Merchant would like to explore the visual realm further, in the form of acting. Although she's read numerous scripts, she has yet to find one suitable to her social conscience. She is impressed by the time-capsule quality of a gospel singer like Mahalia Jackson appearing in 1940s films. She would like to do a small walk-on part, such as Tom Waits did so brilliantly in The Fisher King. "I have been reading scripts and meeting with directors, but I've been doing that for years," she says. "I'm very picky. It has to be a film that says something about the human condition or spirit, and something that I want said, or I can't do it. I know how I feel when I walk away from a film, and it has to be really clever for me to be entertained."

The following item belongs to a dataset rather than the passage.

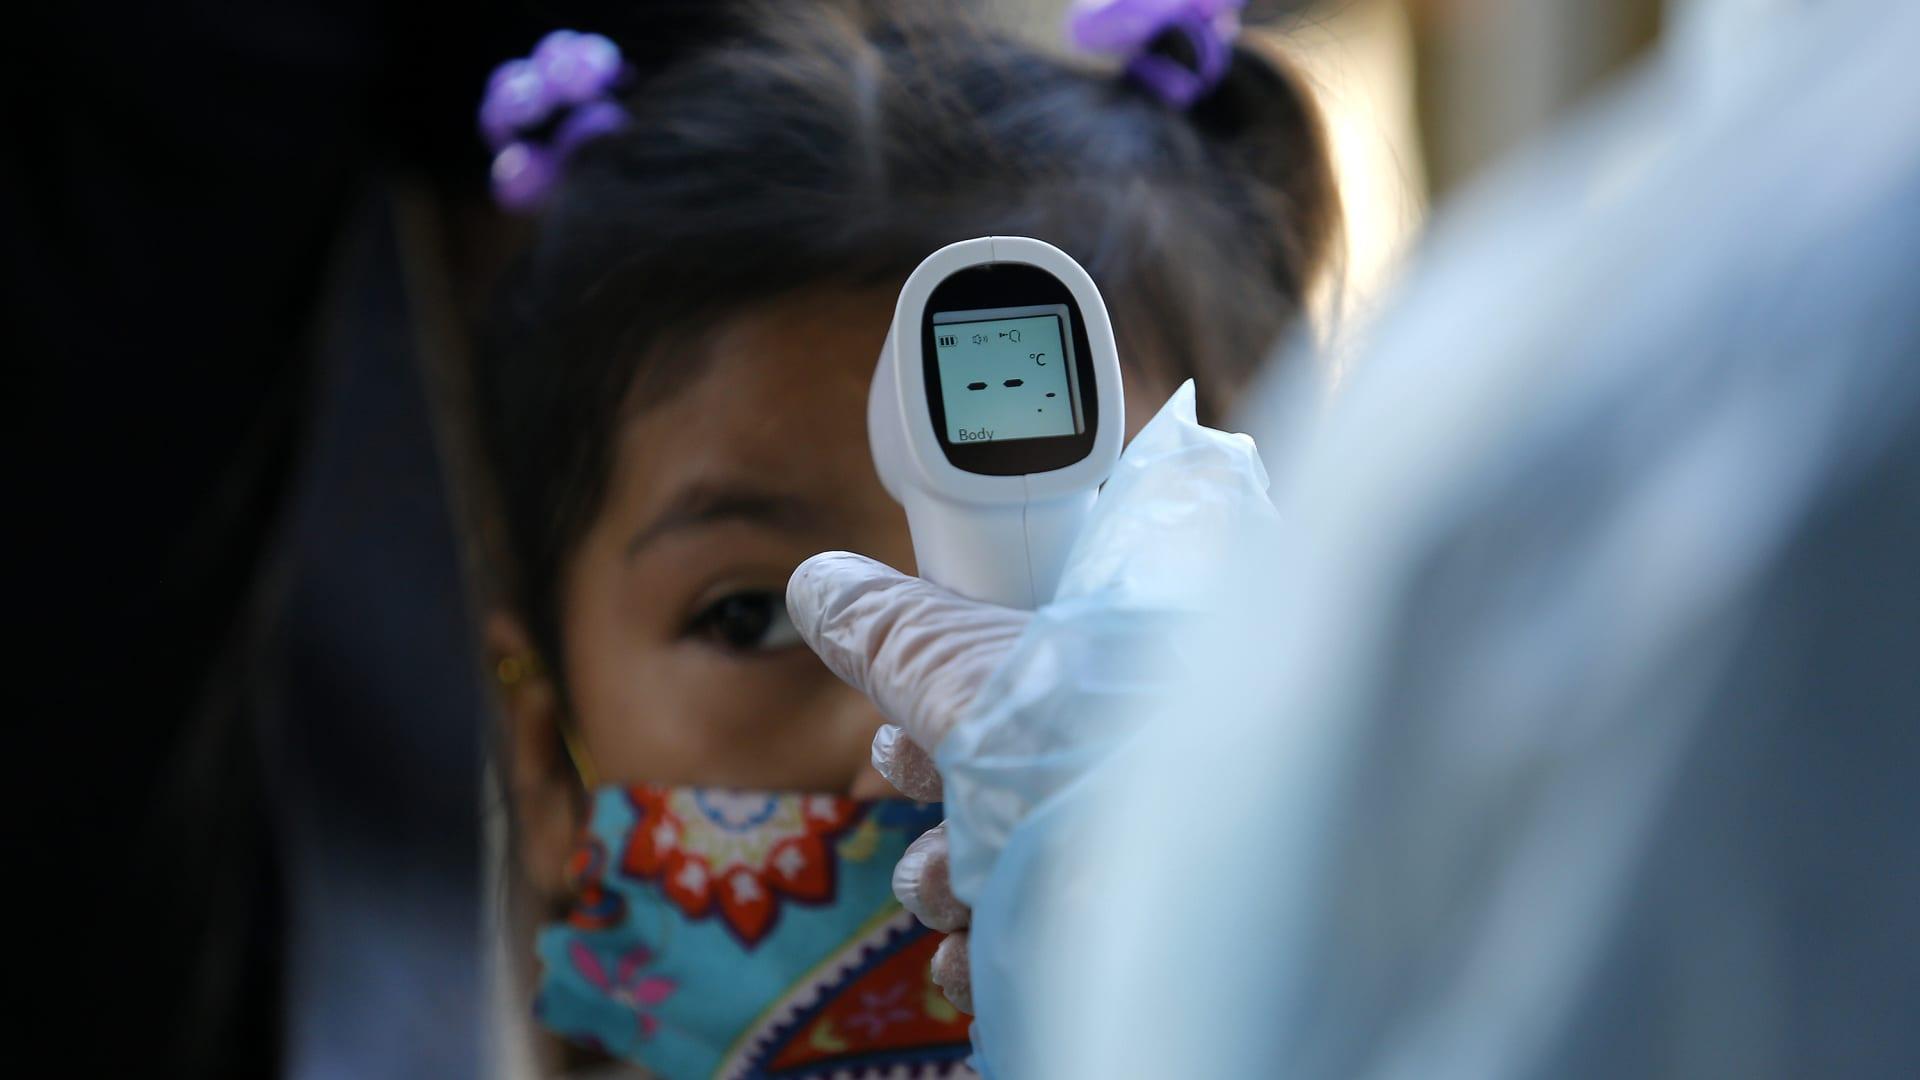 مرض غامض يصيب الأطفال قد يرتبط بفيروس كورونا.. إليكم أعراضه

Such a statement is precisely the kind of mild arrogance that has earned her barbs in the press. If she's too proud, too defensive, it may be that she's simply a young musician who's matured in a business that's unforgiving, no matter where you're at in your professional and personal development. Merchant seems aware that both her flaws and successes are up for critique, and it's up to her to defend them. "The only thing that hurts sometimes is this impression that I'm extremely didactic or prudish," she says.
"I feel I'm a musician, not a rock musician, and that gives me more latitude, longititude, and hopefully I can grow and change, and not have people lament how things were when I was young and rebellious and raunchy or whatever.
"On some of those early records, I do have my moments of embarrassment, but I'd like to see your journals from 17."